Traditional Chinese New Year products get a high-tech spin

Call it the year of the Digital Monkey. Virtual red packets, e-yusheng, LED-lit lucky plants - Chinese New Year traditions are getting a new techie spin.

Here are six new products for you to stay festive and up to date.


These glowing, LED-lit tangerine, cherry blossom, plum blossom and desert rose plants range in price from under $100 to more than $500, and can be found in at least four shops in Chinatown.

One shop, which is at 78 Pagoda Street but has no signboard, sells a 90cm-tall, 1kg shrub for $78. Its most expensive plant - a 1.8m-tall, 9kg bush - costs $538.

The shop's manager, Mr Roland Teo, 40, started importing these plants from China in 2012 to cater to families who want decorative plants, but have no time to care for them.

He says: "My plants require zero maintenance. They don't have to be watered daily. They can also be re-used every year. While they run on electricity, they are energysaving."

He sells 100 to 200 LED plants every Chinese New Year and has already sold 60 plants since Christmas.

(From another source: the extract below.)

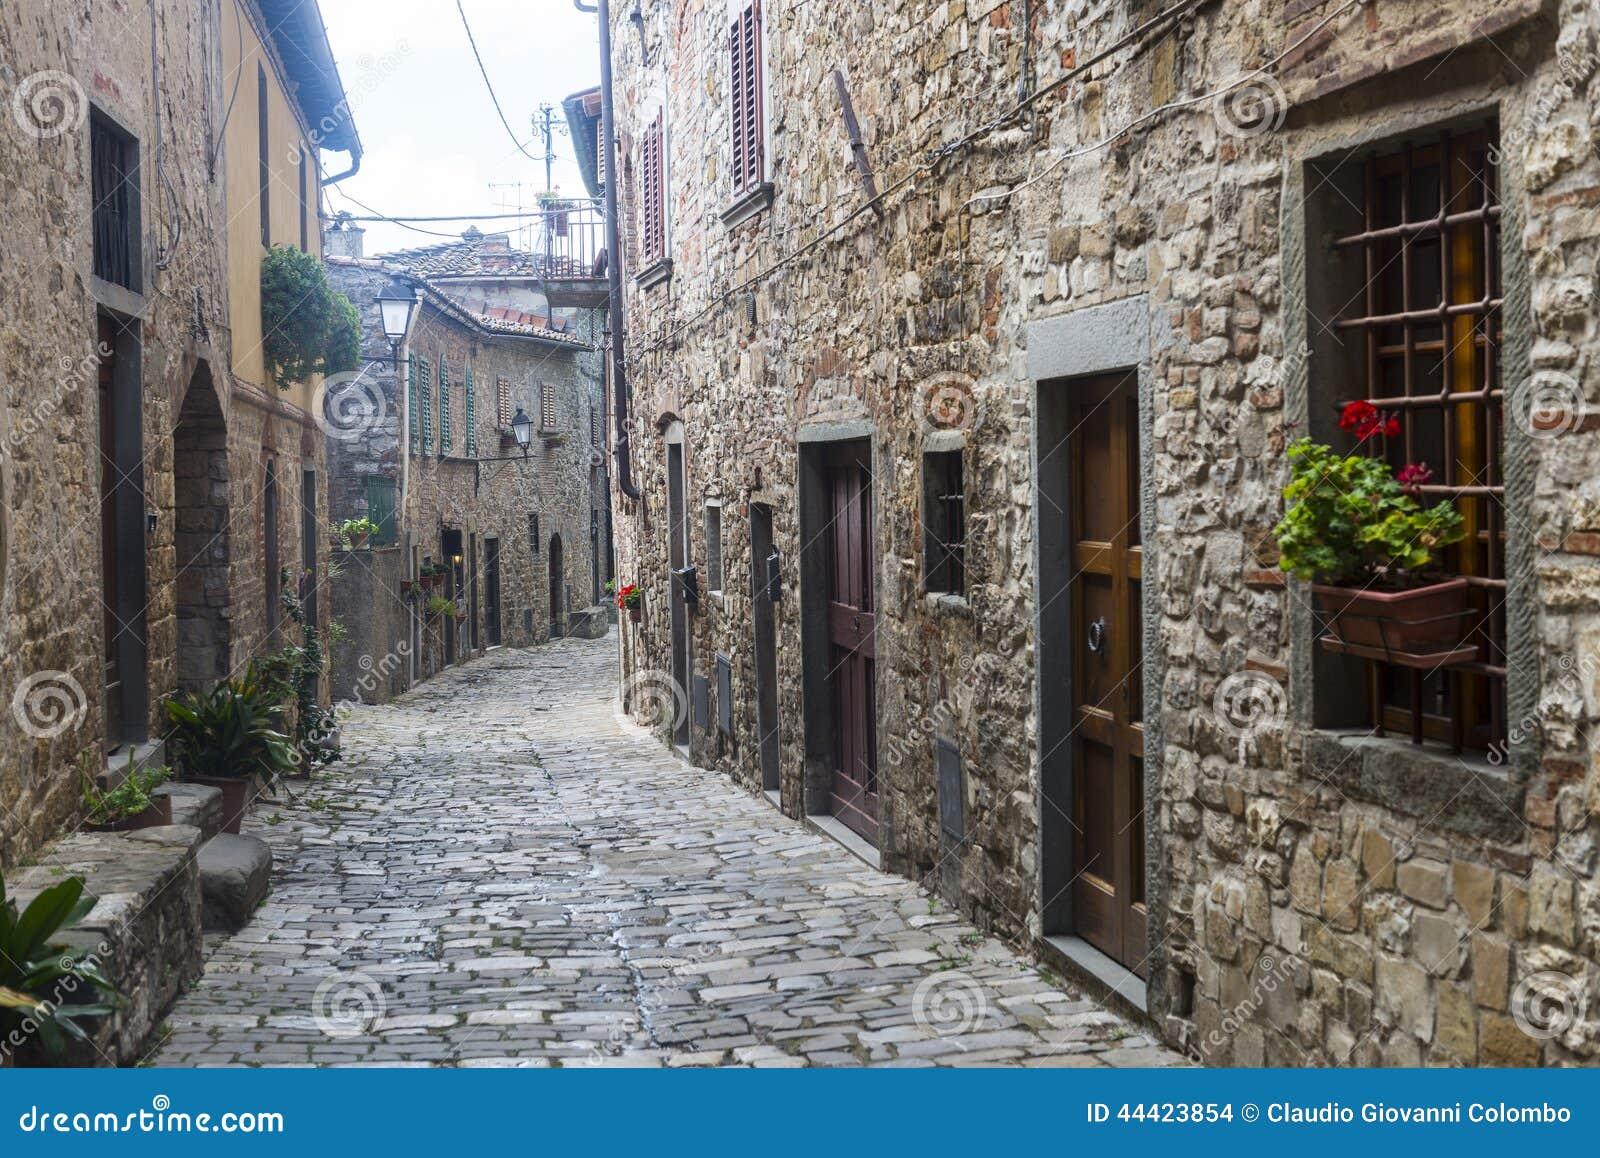 Montefioralle (Chianti, Toscânia)

Housewife Doris Yeo, 59, who is thinking of decorating her home with them, says: "They are definitely eye-catching and have an interesting concept. I like that they can be used year after year. But the drawback is that they consume electricity and add to the bills."

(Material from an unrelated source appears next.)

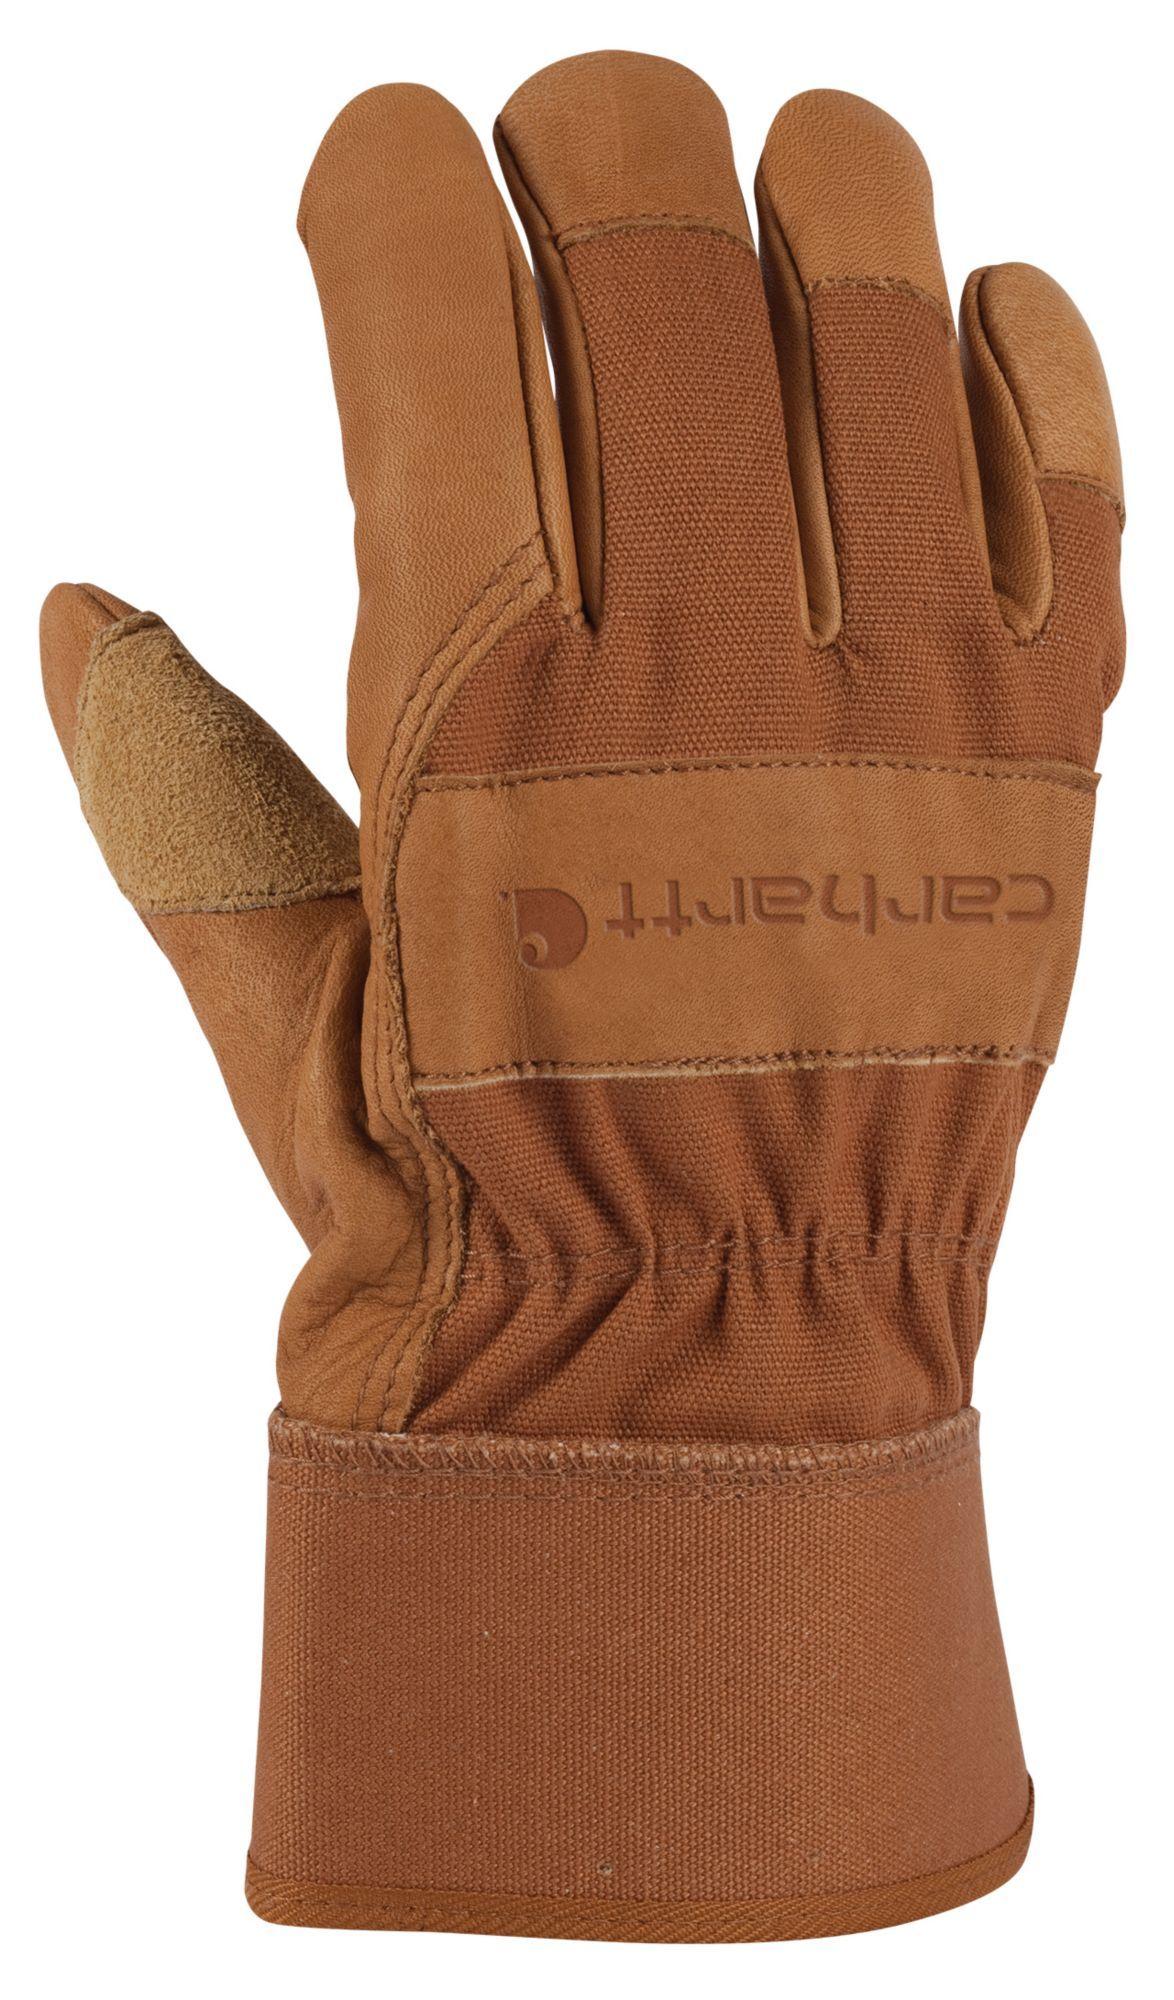 Leather work gloves drawstring - Pinterest Leather Work Gloves 1 000

As to whether LED-lit plants are as good as the real thing, she says: "Many people decorate their homes with artificial flowers. It's perfectly fine."

LED-lit plants, which are sold in Chinatown, require zero maintenance and can be re-used. ST PHOTO: BENSON ANG


They are fast, quiet and can arrange mahjong tiles into stacks neater than players ever can.

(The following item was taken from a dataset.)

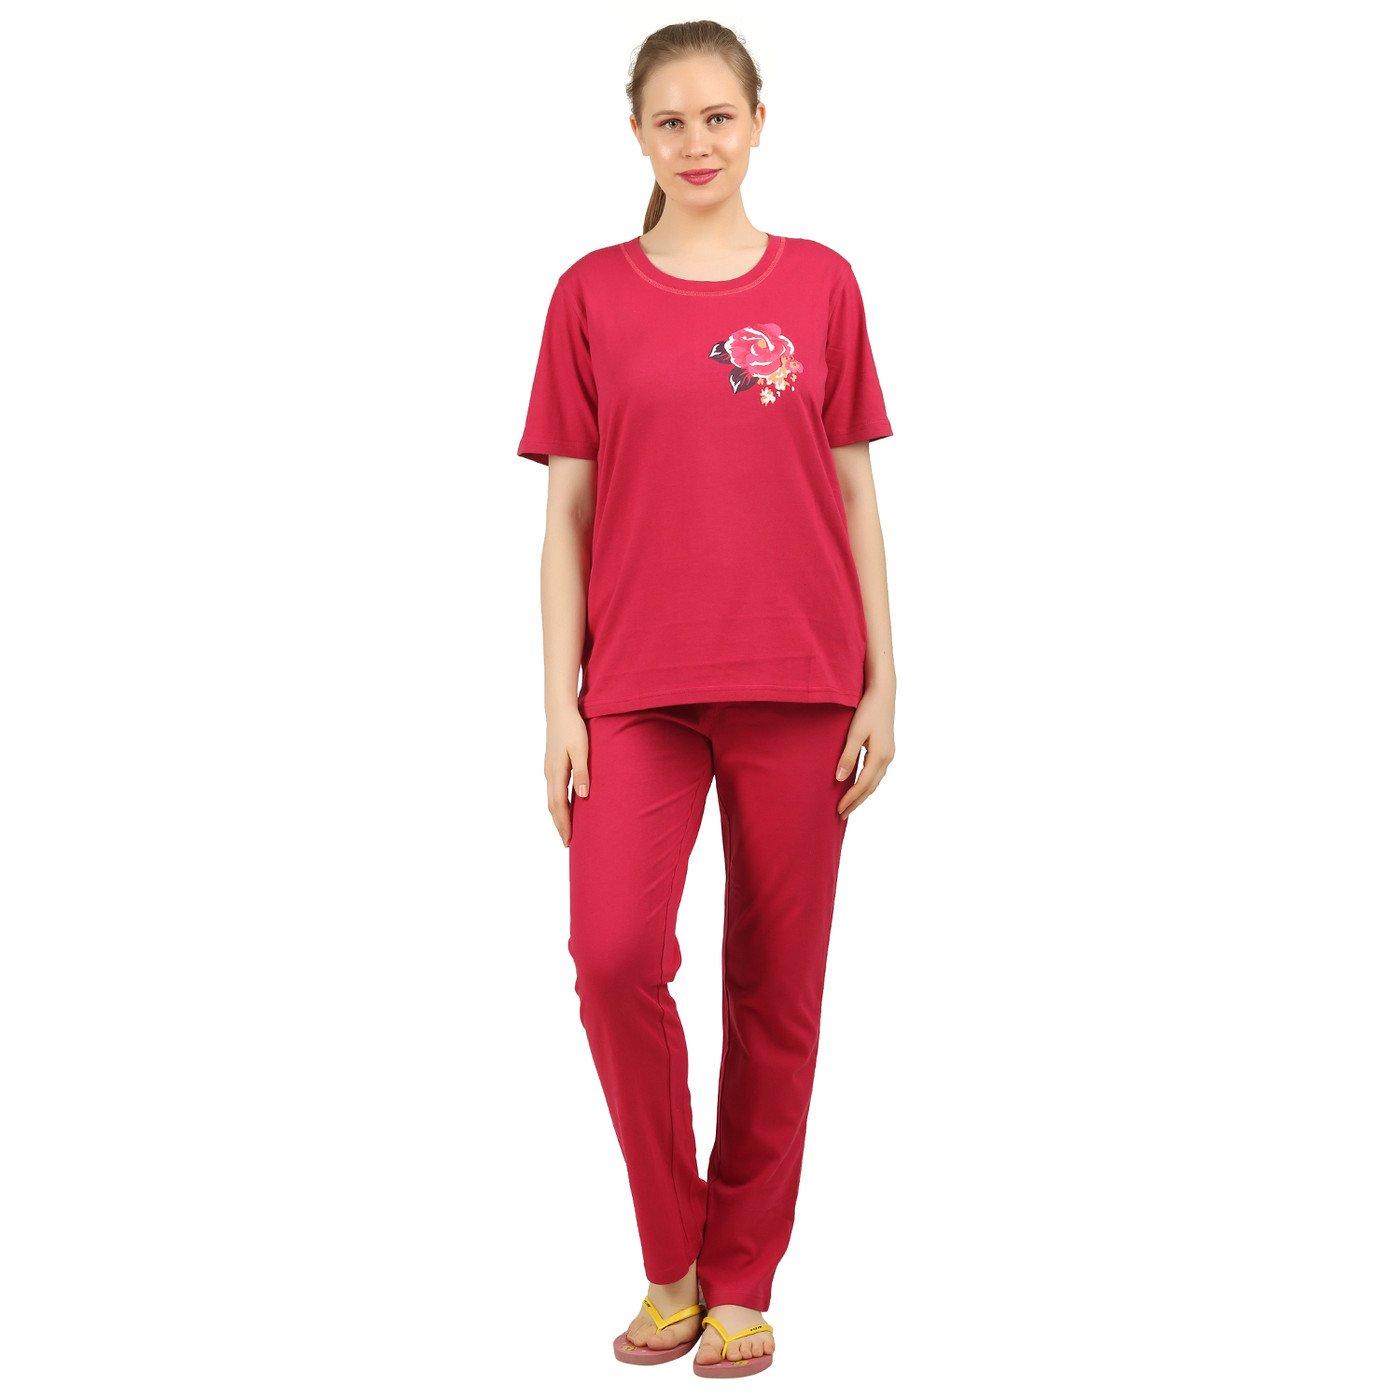 bd29e19c9 Clifton Womens Rose Printed Nightwear Pajama Set -Red at Amazon Women s  Clothing store

These automated tables, which run on electricity, reportedly hit the local market in the mid-2000s. Priced from $988, they typically come with two sets of magnetic mahjong tiles, which are shuffled and arranged underneath the table in between games. Thirty seconds to one minute is all it takes to play a new round of mahjong.

The Straits Times found at least three companies here selling such tables.

Local company, for example, started selling such tables in 2013.

It sells hundreds of units, all imported from China, every year.

Prices range from $988 to more than $1,288, depending on the features.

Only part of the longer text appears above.